Big Pharma's reckoning gets bigger..... 

* Fluoxetine: 40 mg 1999-2012; 60 mg 2012-March 2019;  45.2 mg at present.

* Provigil: 25-100 mg PRN 2005 to mid-2015; 200-300 mg mid-2015 to early 2016; tapered from 300 mg in early 2016 to 100 mg early 2017; tapered from 100 mg early 2017 to 33 mg June 15, 2019;  8.9 mg at present.

* Amitriptyline: 10-15 mg 2002-2013; 25 mg 2014 to December 5, 2018; December 15, 2018 converted to water suspension and tapered to 16.5 mg at present

* Diazepam: 5 mg at night 2002-present

 Supplements: Iron for anemia

Recent tapering timeline:

2019:  Fluoxetine 60 mg        Provigil 33.5 mg      Amitriptyline 25 mg   Diazepam 5 mg

2022:          45.2 mg                      8.9 mg                     16.5 mg                        5 mg

Back Story: From 2012 thru early 2017, relocated and cycled through over 20 primary and psych docs (supposedly for severe Chronic Fatigue Syndrome) who prescribed two dozen different psych meds in search of the "perfect therapeutic combo." Took most for only a few days, some for a week.

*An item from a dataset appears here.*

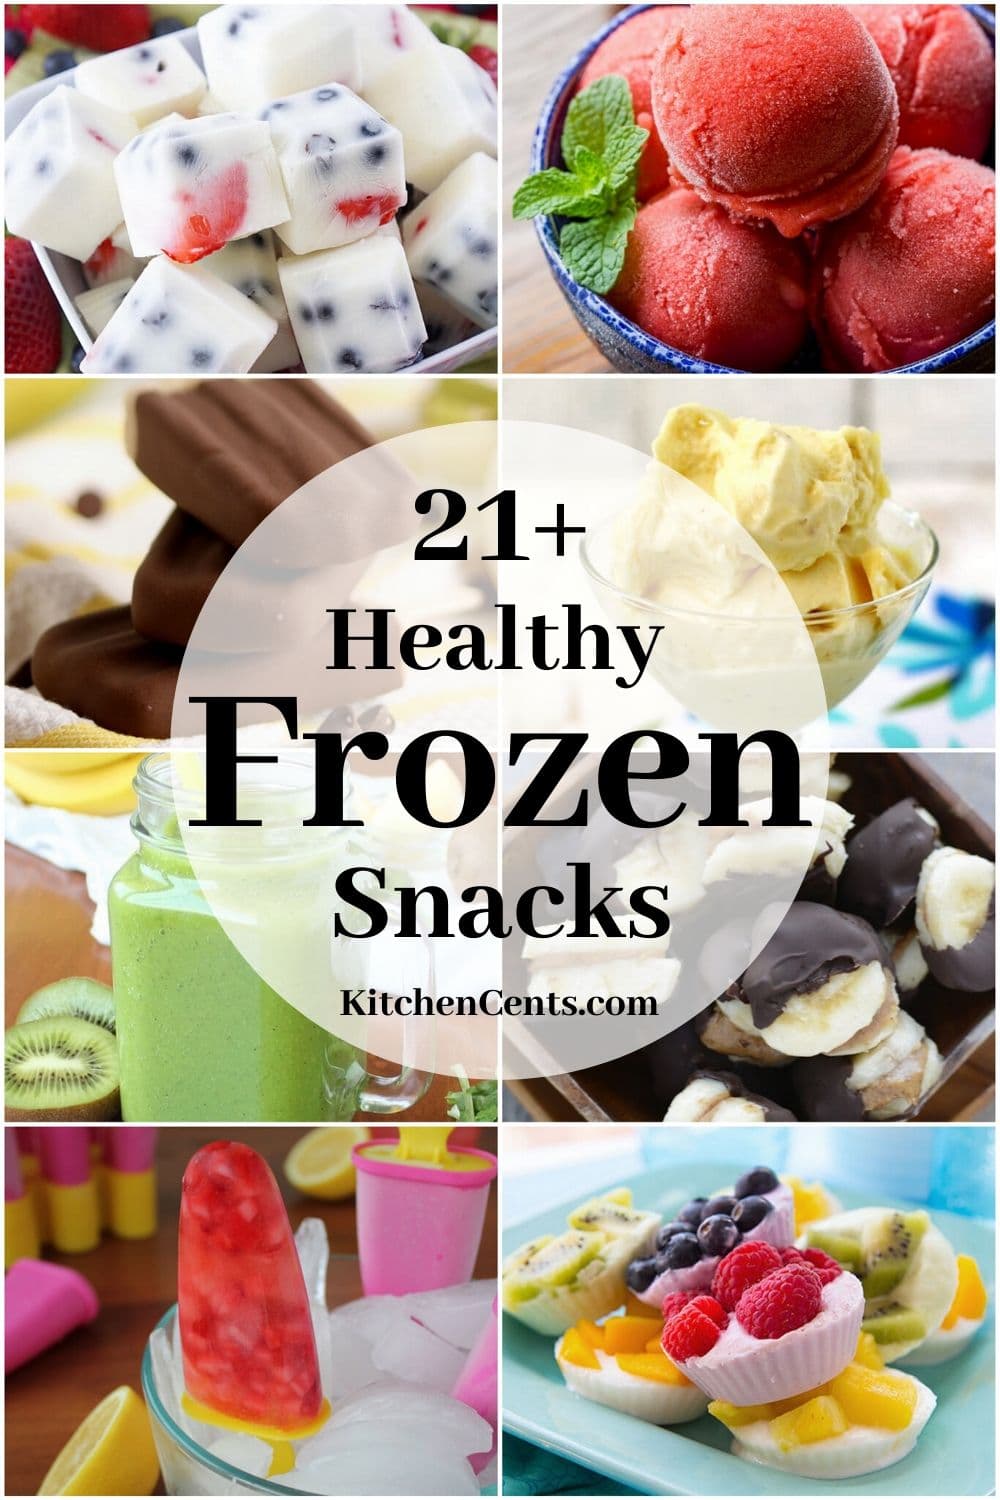 21+ Healthy Frozen Snacks: perfect for a healthy lifestyle - Kitchen Cents
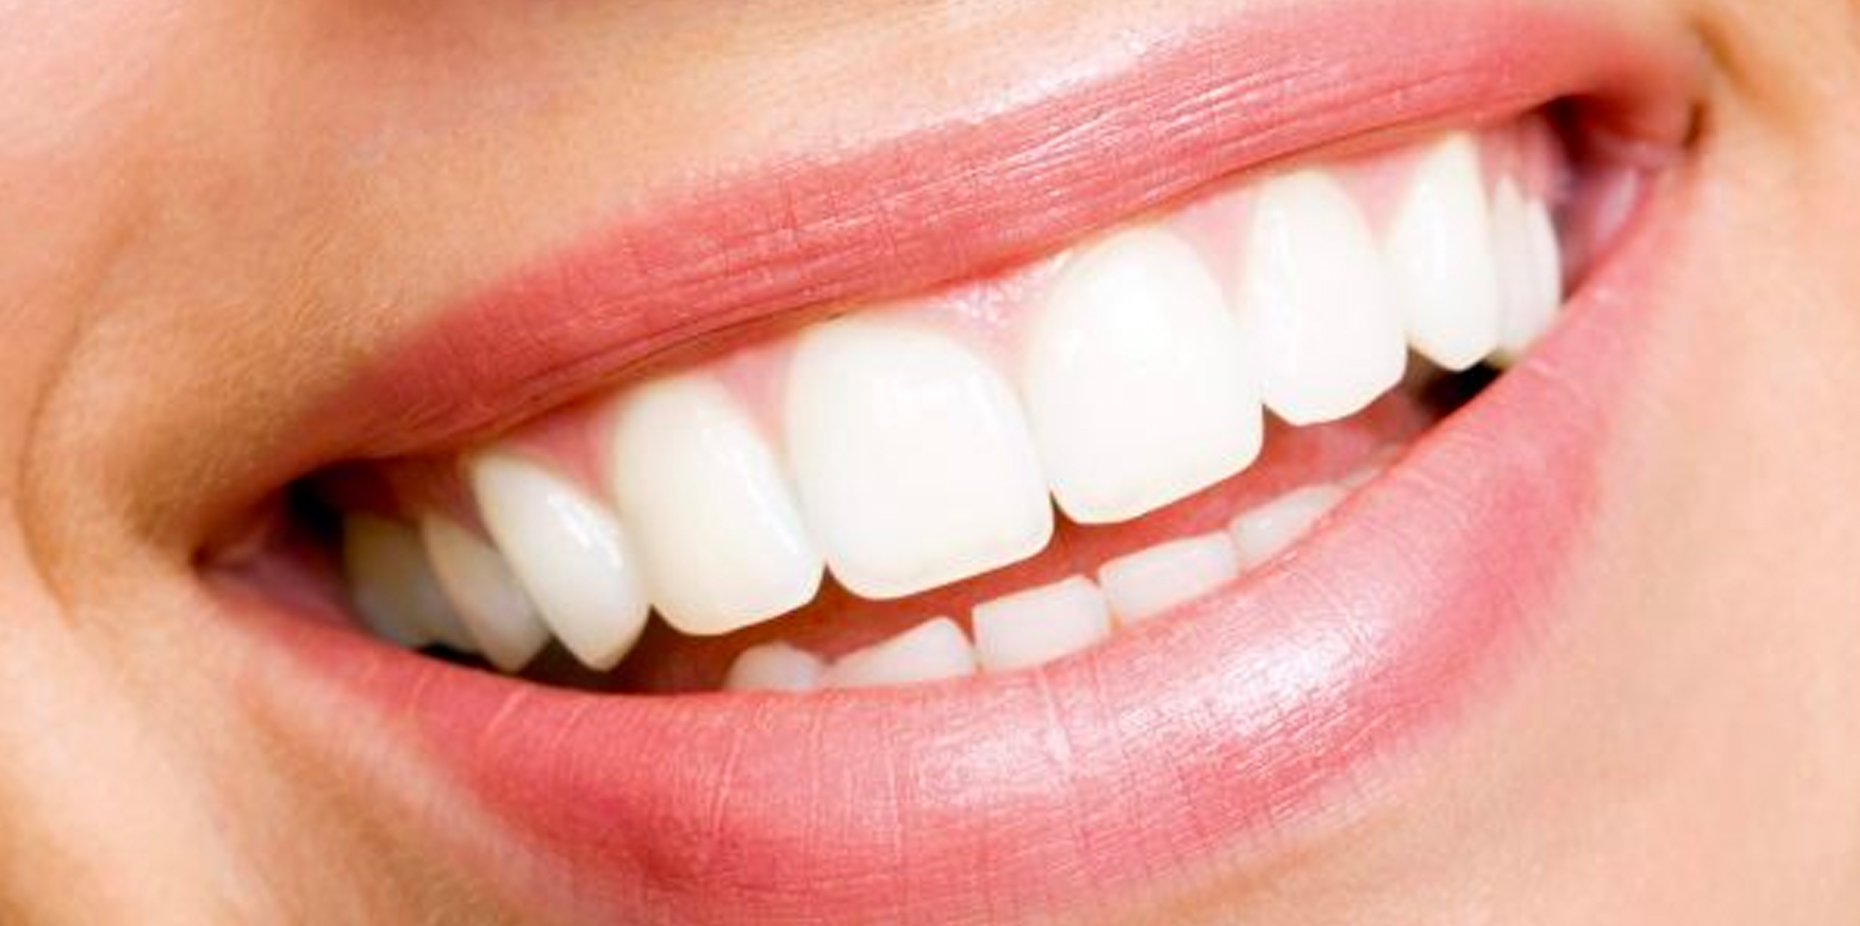 How to Whiten Teeth at Home – 11 Natural Ways

Included Wellbutrin, Cymbalta, Lexapro, Seroquel, Lamictal, Klonopin, Lyrica, Gabapentin, Belsomra, Tramadol, Librium, Halcyon, Remeron and -- the last straw, Trintellix. Began in early 2016 when it was still called Brintellix (Pharma's attempt to combine the words "brilliance" and "intelligence" in a pill name), became unable to eat or sleep, lost 25 lbs and the ability to speak. Slowly tapered myself back to Prozac by 2017 but was unable to stop akathisia, cortisol mornings and kindling which continue, actively, through present.